8MPX automotive camera system, Auto.AI 2022

Timofey Uvarov
Fourier Image Lab
Published in
6 min readJun 30, 2022

The presentation which I made at Detroit Auto.AI 2022

8Mpx camera system presentation.

If you have missed my presentation the PDF can be found under the following link.

The presentation was about 8 mpx automotive autonomous camera system with the focus on how to translate human vision based image quality metrics into image quality metrics and image quality metrics — into a trend of probabilities and costs of detection of various objects at different distances with cameras equipped with 8mpx and 2mpx image sensors. Also some architectural aspects of back-end/infra system design were addressed with correlation to the design of image pre-processing pipeline.

Image Quality and detection trends

The essence of the first part could be summarized in the slide below:

Translation of vision chart results into detection probabilities and cost of a human at distance

Human vision chart

On the left side of the slide above you can see the human vision chart captured with the same high resolution lens at the distance of 10 feet with 2mpx and 8mpx sensors and processed with same software ISP from onsemi. At 8mpx chart we can confidently read 3 more lines than on the 2mpx chart.
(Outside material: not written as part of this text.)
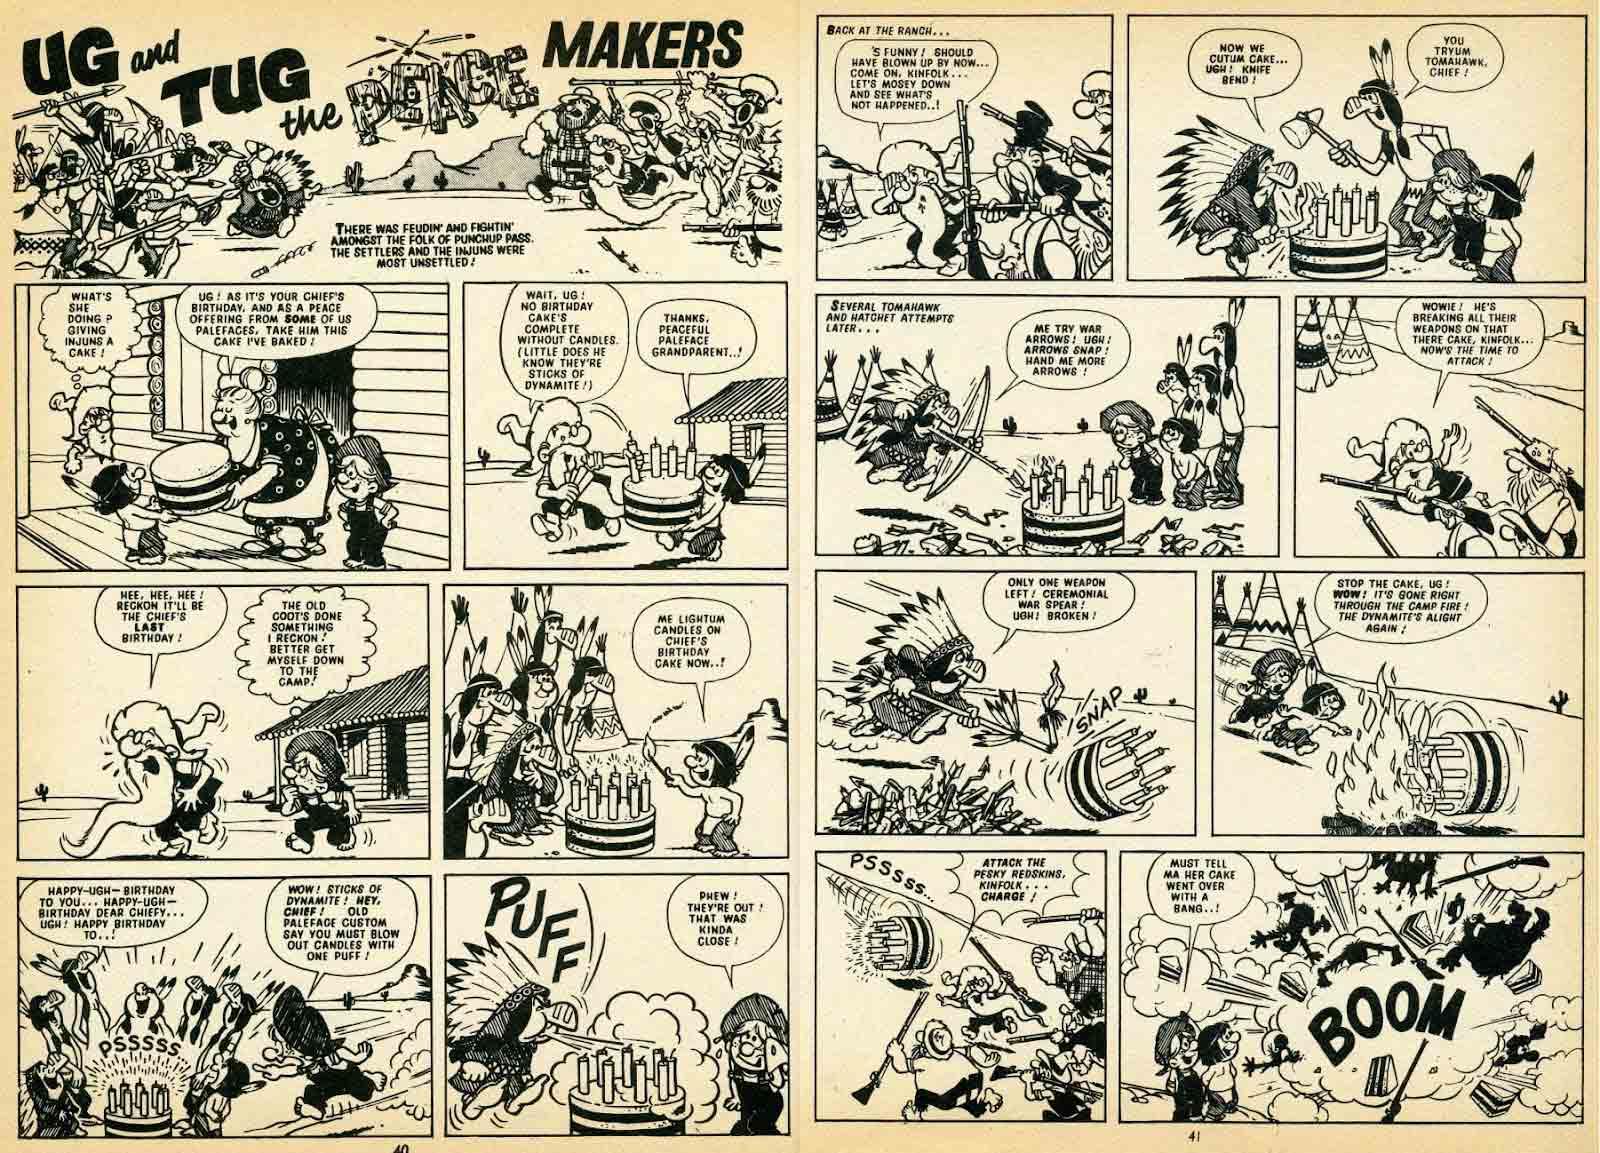 Bonita doble página dibujada por Nadal serie Ug and Tug

The chart can be purchased online:

Detection probabilities

detection probabilities and cost for a adult pedestrian at the distance

At the graph above in you can see two solid lines representing the detection probability of a human mannequin at a given distance. Orange line represents the vision trend for 2mpx and blue line — for 8mpx sensor.
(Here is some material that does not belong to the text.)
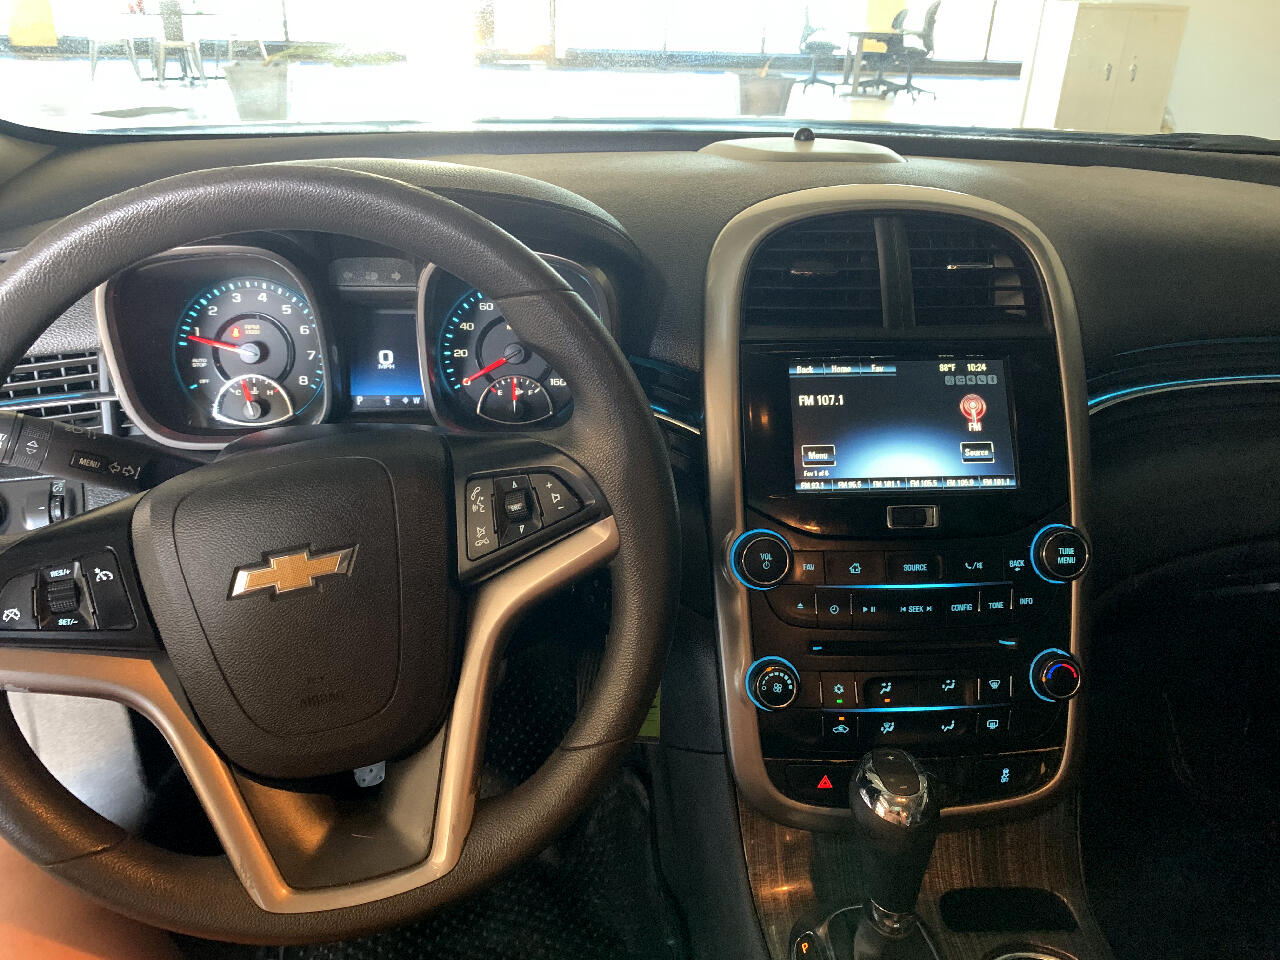 2014 Chevrolet Malibu 1LT

For instance, if we target the detection probability of 0.5, we can find out that with 8mpx sensor (blue line) the ADV will be able to detect the human at 390m and with 2mpx sensor - at 320m, which are hypothetical maximums of detection distances of cameras tested camera prototypes. With 8mpx camera we gain 70m of distance advantage for ADV to detect, predict and react. Slicing the trend at 0.75 confidence level we can observe difference in distance of detection around 60m and at 1 the two trends converge at around 200m. Thus below 200m (unless we are targeting some gesture or face detection there is not much benefit to use computationally expensive 8mpx).
You might be surprised to compare the numbers for human detection vs. detection of a deer.

Above results were perceived at clear sunny day Aug. 25, 2021 at Crow’s Landing airport: 84°F (29°C), with 8 MPH wind, 30% humidity.

Cost of detection

The dotted line represents the cost of detection of the pedestrian at a given distance in pixels with each of the sensors.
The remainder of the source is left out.